14 de Fevereiro de 2011

A propósito da anterior crónica (sobre as inclinações "culturais" da Câmara de Vinhais, que decidiu iniciar os seus munícipes nos prazeres "exquis" da brutalidade e tortura pública de animais) escreve-me um leitor dizendo, em abono da tourada, que Hemingway e Picasso gostavam do espectáculo. Não só eles, acrescento eu, e de touradas e coisas piores...

Escritores e artistas raramente são exemplos morais recomendáveis. Céline, escritor maior (mesmo não sendo a literatura um campeonato) que Hemingway, partilhou com Hitler, além do desprezo pelas mulheres, o gosto pela carnificina de judeus, e Picasso, juntamente com as touradas, teve outra devoção não menos sangrenta, Estaline.

A História está cheia de obras sensíveis e generosas, às vezes de grande riqueza moral, realizadas por gente feia, porca, má ou nem por isso. E se o desprezível dr. Destouches, dito Céline, escreveu a admirável "Viagem ao fim da noite" mas também obras imundas e carregadas de ódio, em outras é difícil encontrar traço do ser humano existente por trás delas (quem dirá que por trás da belíssima Catedral de Brasília está um devoto, também ele, de Estaline?)

Não é por Hemingway e Picasso se terem divertido (terem sido capazes disso) com a agonia e morte de um animal que a tourada deixa de ser um espectáculo eticamente condenável. O facto de apreciarem touradas desabona a favor de um e outro, não abona a favor das touradas.

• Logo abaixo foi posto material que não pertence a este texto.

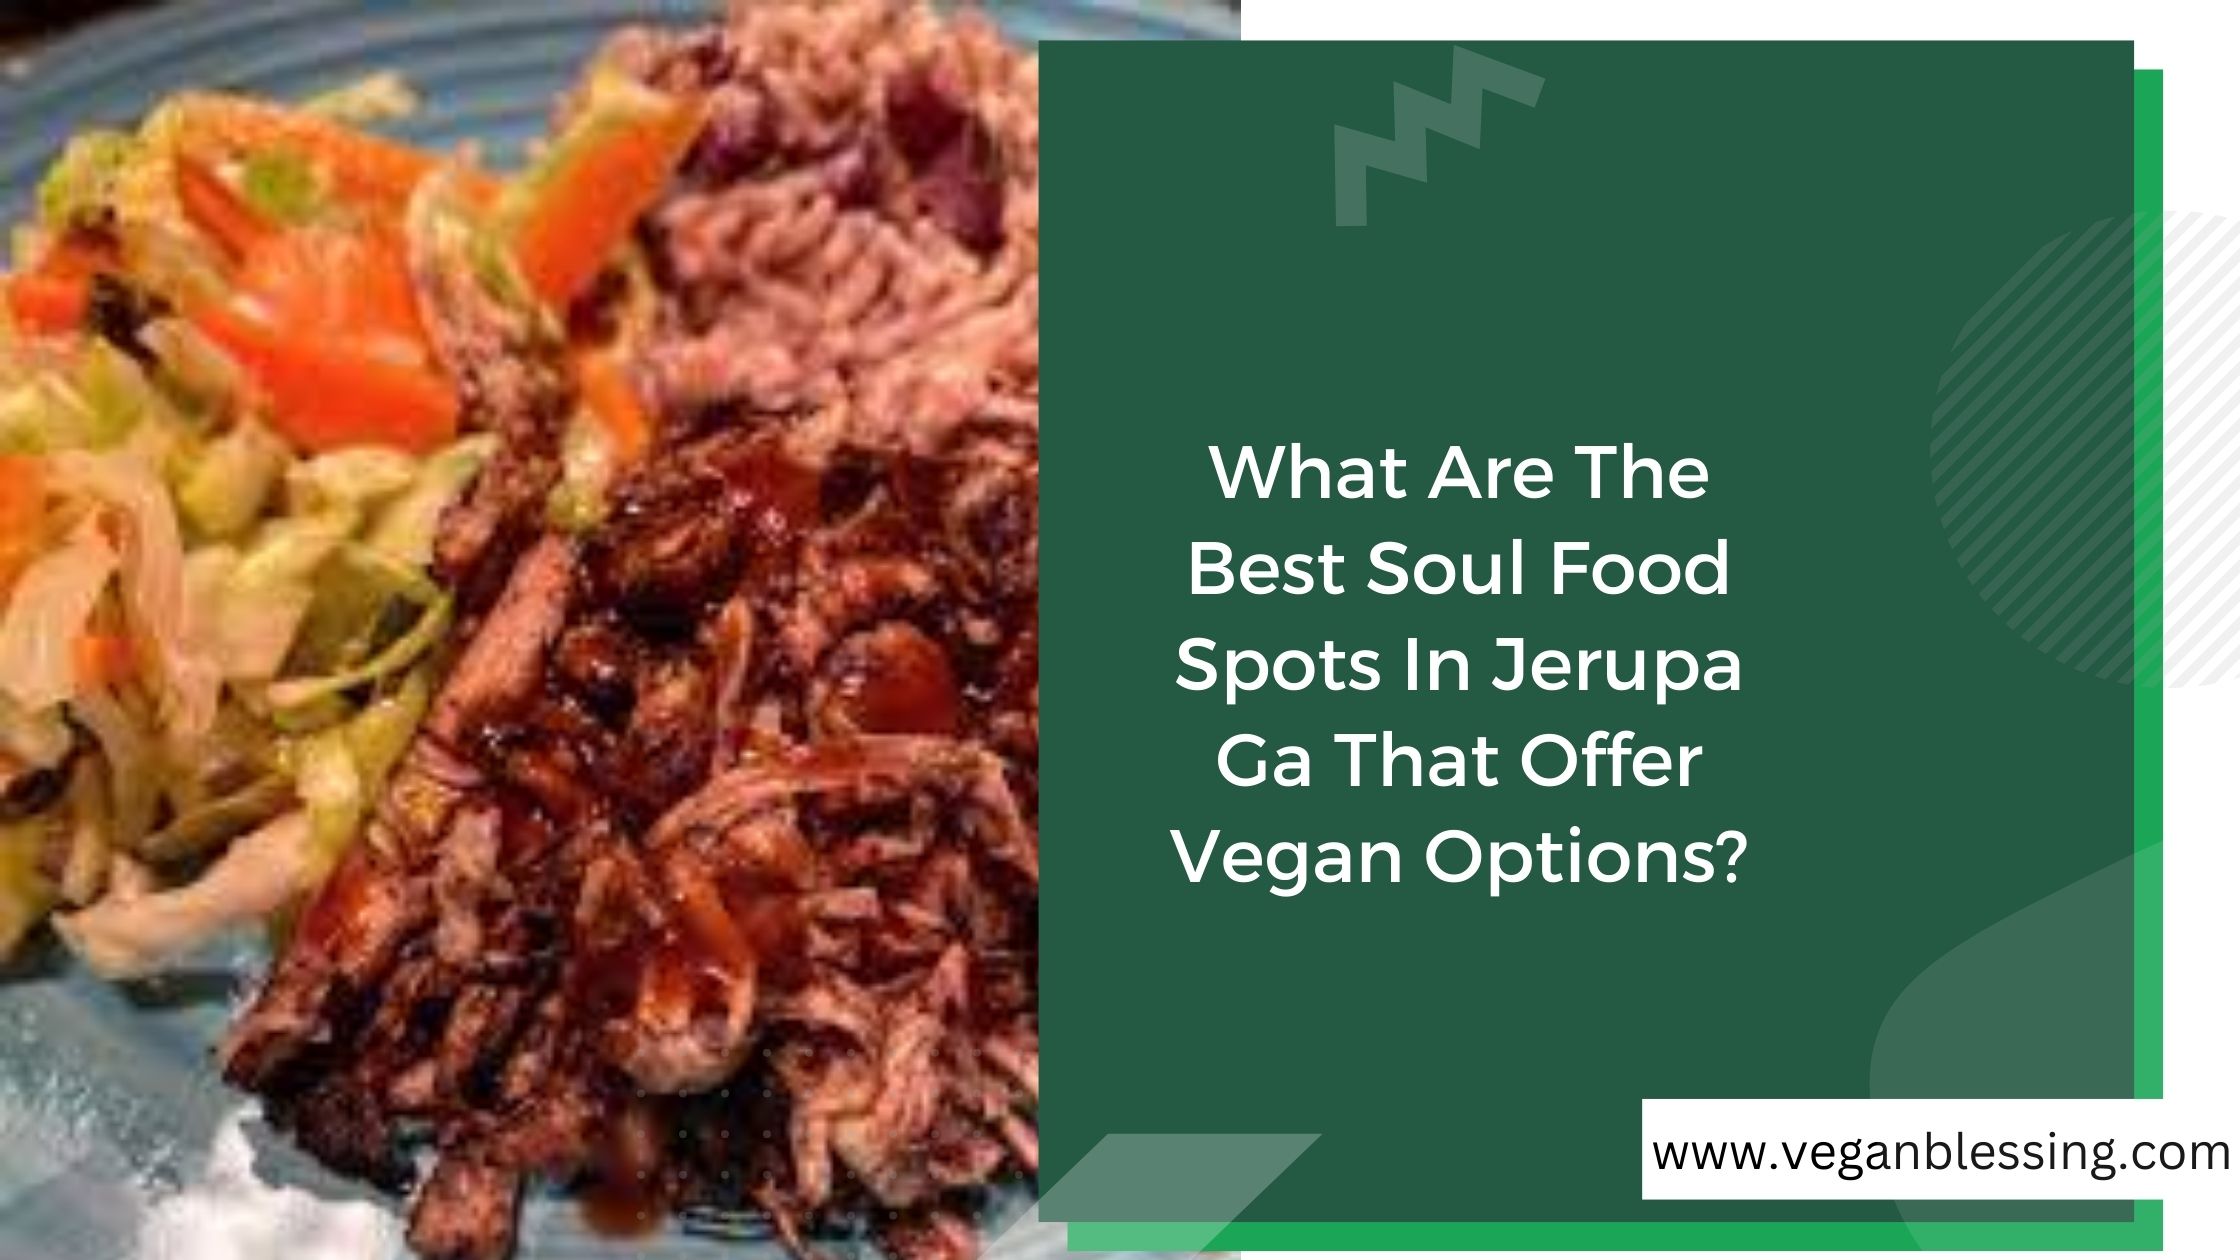 What Are The Best Soul Food Spots In Jerupa Ga That Offer Vegan Options? What Are The Best Soul Food Spots In Jerupa Ga That Offer Vegan Options

Vinhais merecia muito mais
11 de Fevereiro de 2011

Vinhais merecia mais do que ser metida pela sua Câmara (a martelo, pois que a lamentável coisa nem sequer tem história na região) no retrógrado rol das povoações onde, em pleno século XXI, ainda há quem se divirta com o sofrimento e a tortura de animais.
O brutal e primitivo espectáculo da tourada está em decadência por todo o lado onde ainda penosamente sobrevive, especialmente em Espanha, onde, por razões éticas e civilizacionais, 73 cidades (e regiões inteiras, como a Catalunha e as Canárias) se declararam já antitouradas, e onde a própria TVE as excluiu da programação; igualmente em países para onde Espanha as "exportou", como a Colômbia, o Equador ou a Venezuela, se multiplicam hoje as cidades antitouradas; e o mesmo em França e em Portugal. Entre nós, a primeira cidade antitouradas foi Viana do Castelo, cuja autarquia, porque "o espírito de cidade moderna e progressista deve estender-se ao respeito pelos direitos dos animais", adquiriu a praça de touros local para aí fazer um Centro de Ciência Viva.
É neste contexto civilizacional que Vinhais, onde nunca se haviam realizado touradas antes de a actual Câmara ter promovido uma, decide andar às arrecuas e desacreditar a tradicional Feira do Fumeiro sujando-a com violência e sangue. Tudo, claro, pelos melhores e mais "culturais" motivos, designadamente a "preservação dos bovinos de raça mirandesa" (que nem são próprios para touradas...)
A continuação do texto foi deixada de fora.